5 Posts Tagged 'Regex' RSS

Vim regex - remove kind-of-matching lines

I have a file where every line starts with a number (followed by whitespace and a bunch of other stuff). Every number appears on either one or two lines, and if two, the second line always has a b after the number.

I need to delete every line for which there's a corresponding b line. But if there's no corresponding b line I want to leave the original line there.

Before:

123 foo bar
456 blarg
789 quux
123b foo baz
789b quux blurble

After:

123b foo baz
456 blarg
789b quux blurble

Except in my real file, I have a thousand lines and it'd take a year to do by hand. Vim to the rescue:

:sort
:%s/^\v((\d+).*\n)(\2b.*)/\3/

And that is why Vim is awesome.
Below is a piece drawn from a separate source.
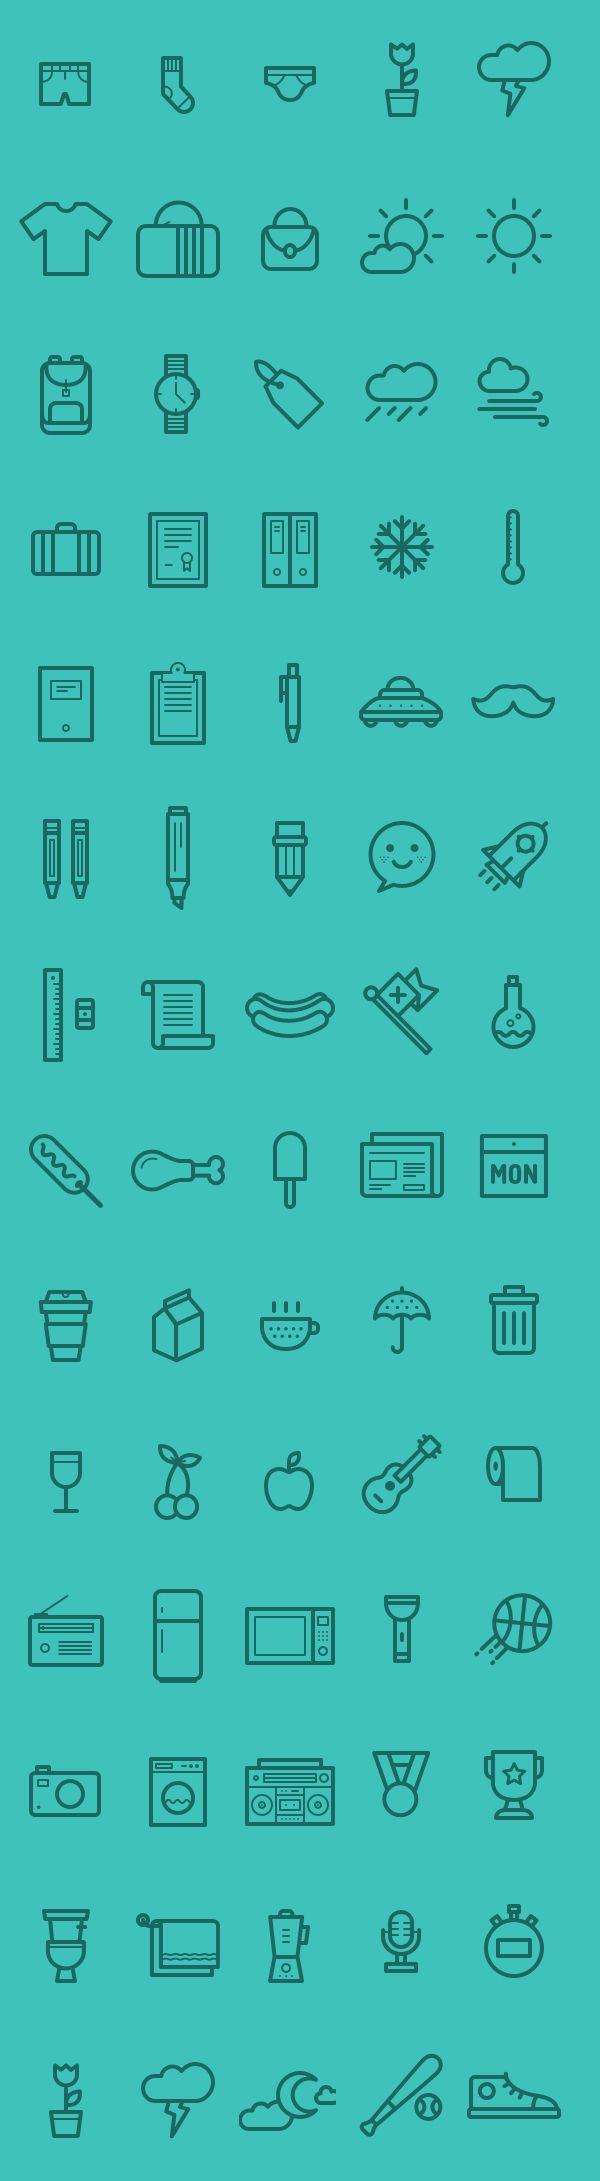 Medlee Iconset - AI EPS & PSD (80 Icons)

Can you think of a shorter way to do this, in Vim or Emacs?

June 20, 2010 @ 10:49 PM PDT
Cateogory: Programming
Tags: Vim, Regex

Let's parse

Is there anything more fun than parsing strings? I submit to you that there is not. I'm currently reading my way through Parsing Techniques - A Practical Guide, which has a first edition free online. (I'm hoping Santa brings me a copy of the 2nd edition this year.)

This is a good book, with enough math to be rigorous but not so much that it's completely unreadable. It starts from the absolute basics ("What's a grammar?") and goes through the Chomsky hierarchy and then dives into parsing techniques in great detail, in a language-agnostic way.
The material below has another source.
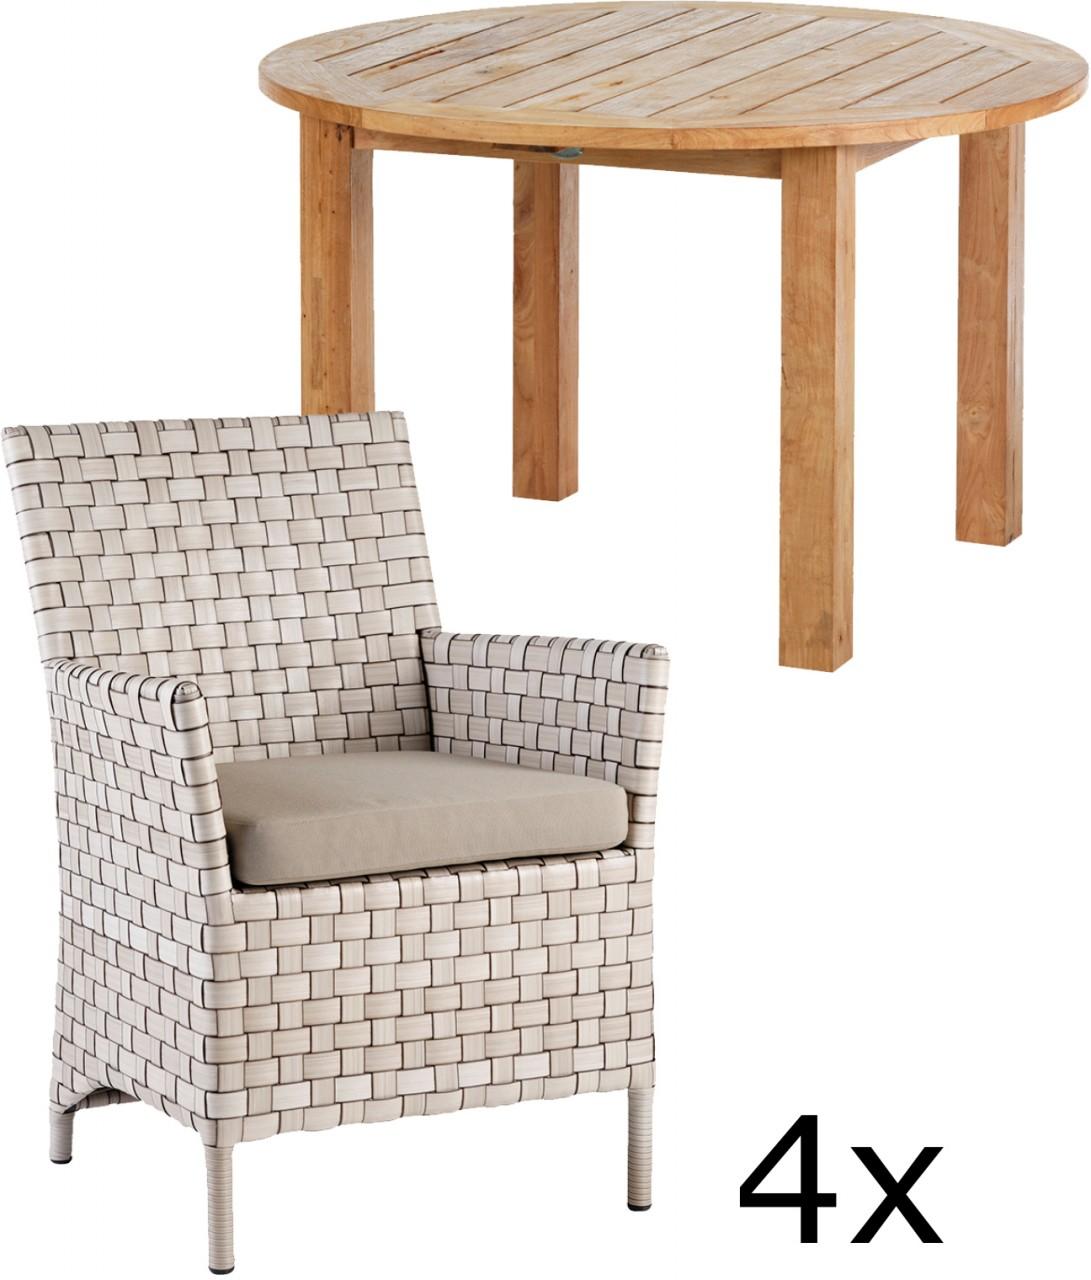 geflecht gartenmoebel set preis vergleich 2016. Black Bedroom Furniture Sets. Home Design Ideas

Languages and grammars are fascinating. In high school I studied Spanish, French, Latin and German, largely in my spare time. When I was 16, if people asked what I wanted to do for a living, I said "translator".
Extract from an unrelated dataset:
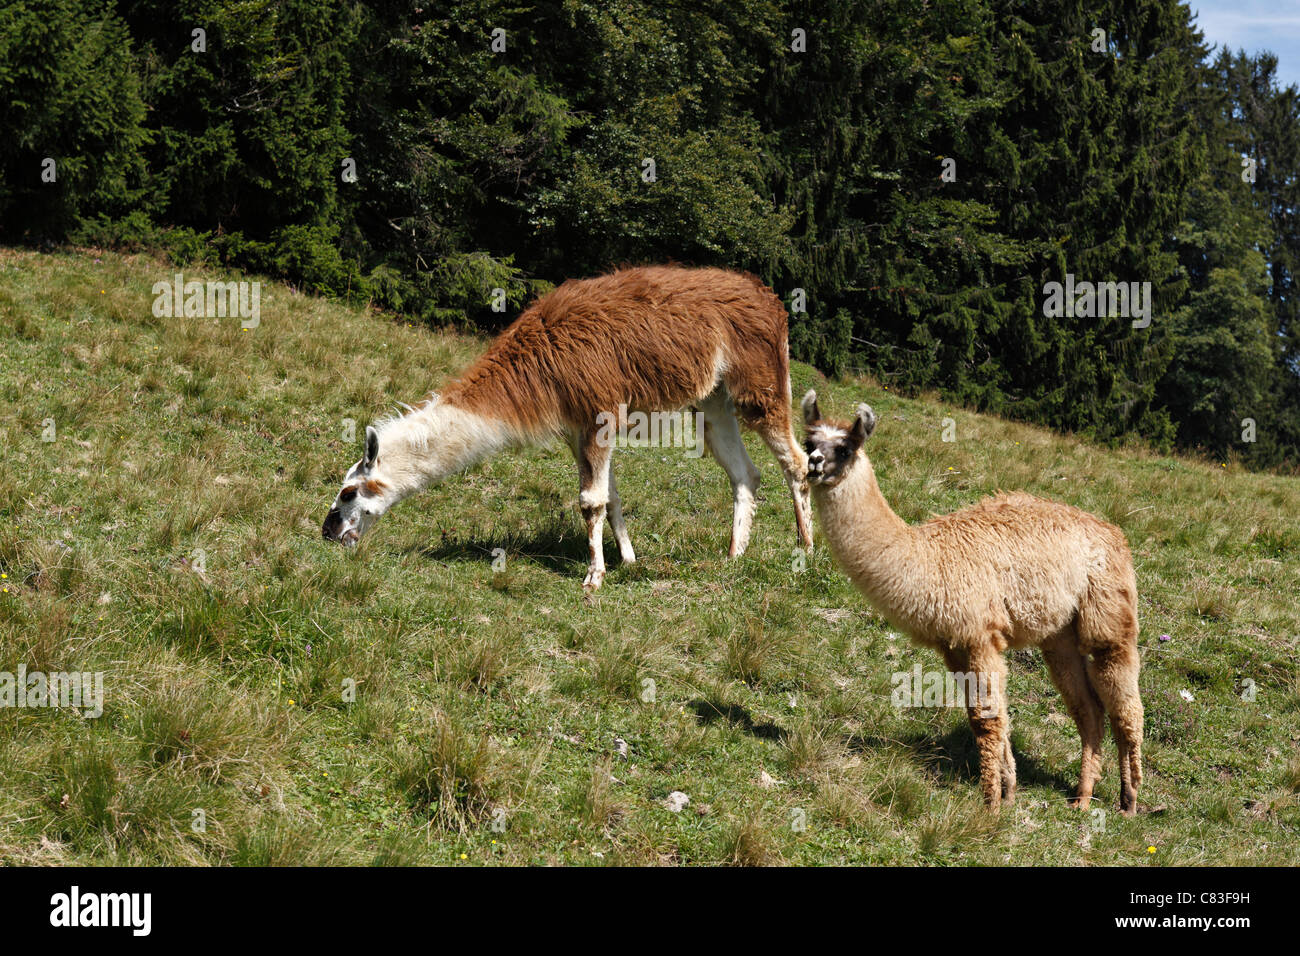 Alpacas ( Lama pacos ) in the Taubensee Alps, Chiemgau Upper Bavaria Germany - Stock Image

The plan to become a translator failed partly because the quality of my early education was horrendous and partly because mastering a language is extremely difficult and at 16 I wasn't motived enough. And then computers showed up in my life, which gave me a never-ending supply of languages to play with, while being fun (and profitable) in so many other ways. But I still took two years of Japanese classes in college for no reason other than enjoyment, and I'm still trying (and failing) to learn Japanese in my spare time 8 years later.

Perl was my first favorite language probably for no reason other than regular expressions. I can understand how people call PCRE syntax line-noise, but to me it's beautiful line noise. I live and breathe regular expressions nowadays. My favorite CS class in college was one where we went through and laboriously built finite-state automata and pushdown automata and Turing machines. Seeing the equivalence of these simple machines with the different classes of grammars was a huge epiphany. Such a simple concept with such huge consequences.

Dijkstra said:

Besides a mathematical inclination, an exceptionally good mastery of one's native tongue is the most vital asset of a competent programmer.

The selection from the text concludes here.